▸ Your assignment
Look below for the line containing "flagge rot blau gelber stern" and the line containing "Annual Hinkley Community BBQ", then set down both and every line between them exactly, without pictures.

▸ Task data
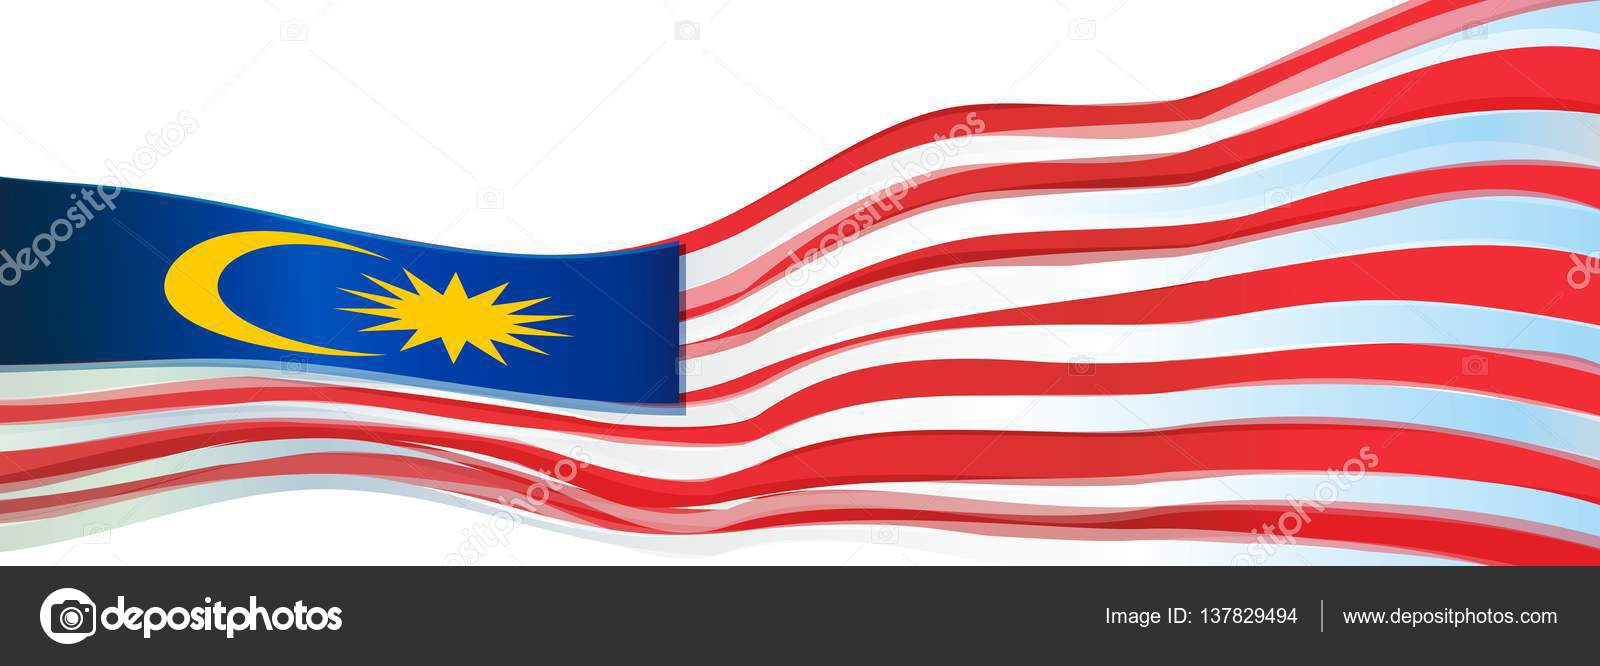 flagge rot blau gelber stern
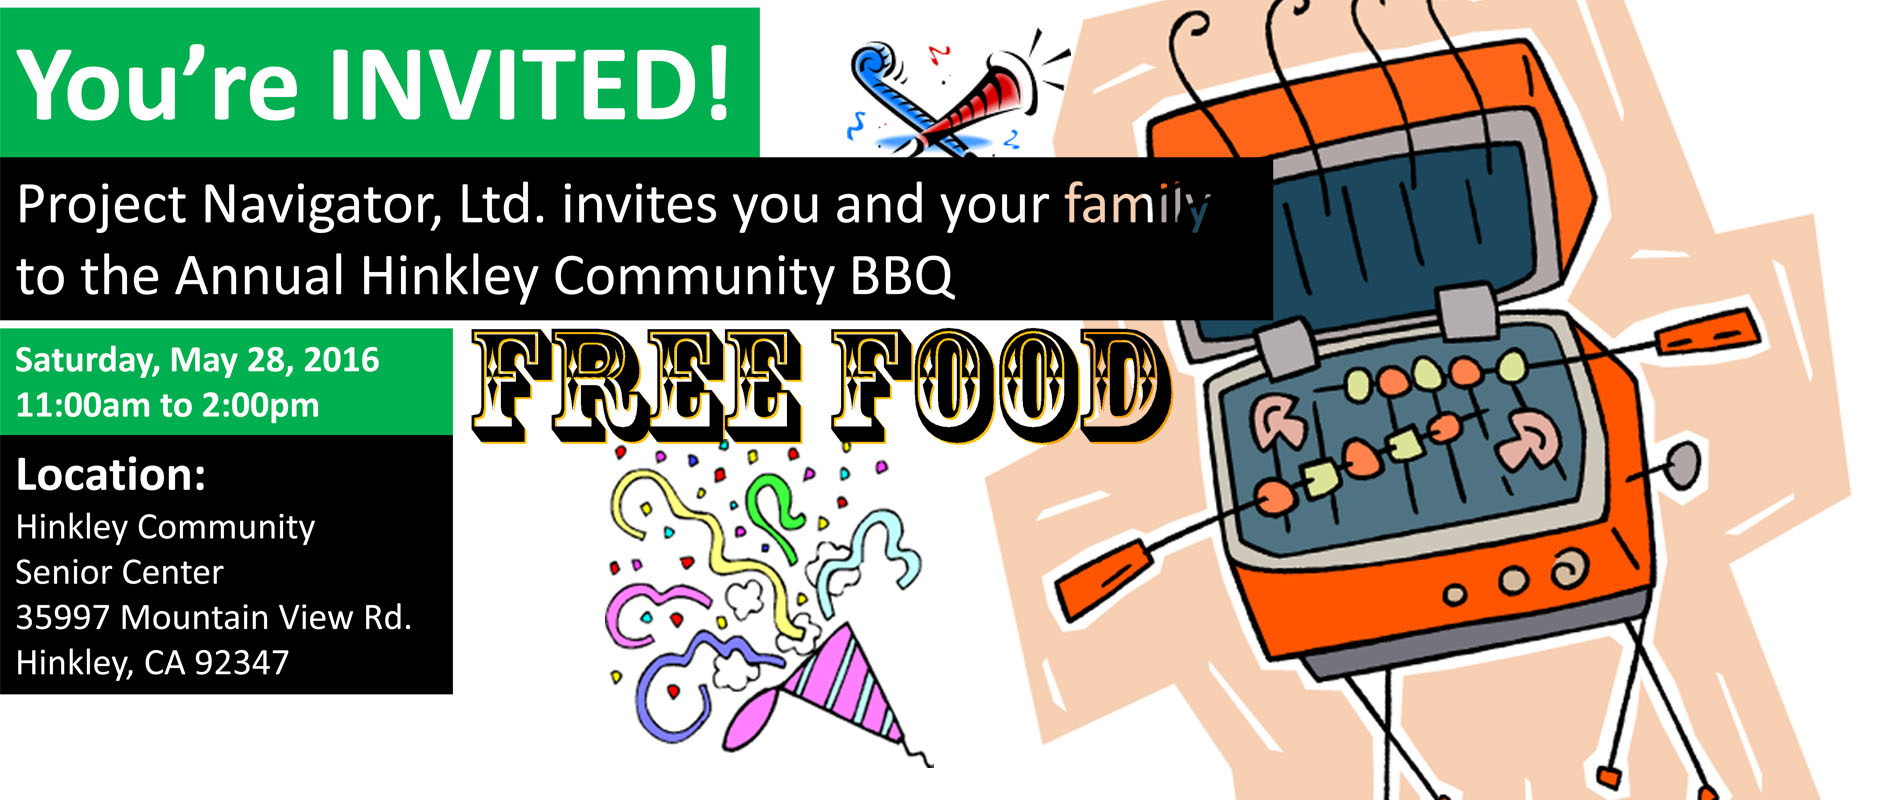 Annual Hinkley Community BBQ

==

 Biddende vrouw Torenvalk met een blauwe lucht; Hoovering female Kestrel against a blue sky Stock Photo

* * *

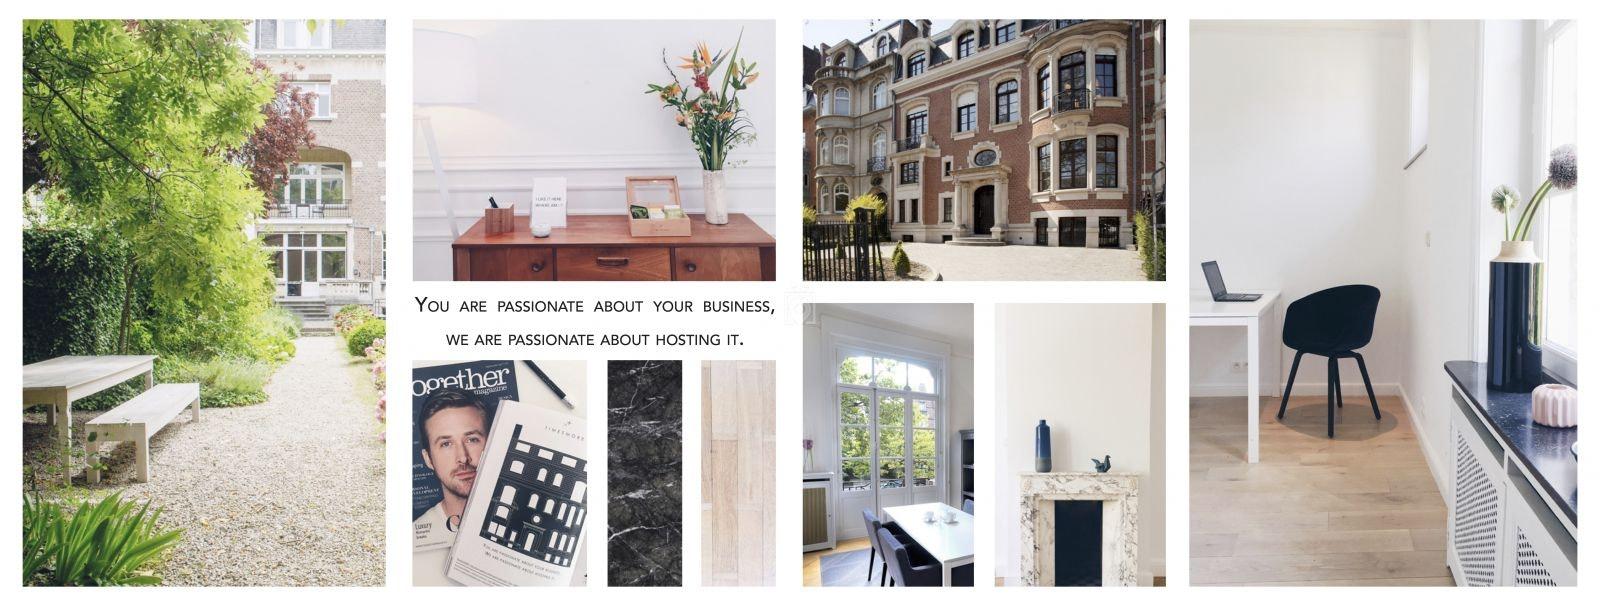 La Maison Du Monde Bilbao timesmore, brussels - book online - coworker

▸ Solution
 flagge rot blau gelber stern
 Annual Hinkley Community BBQ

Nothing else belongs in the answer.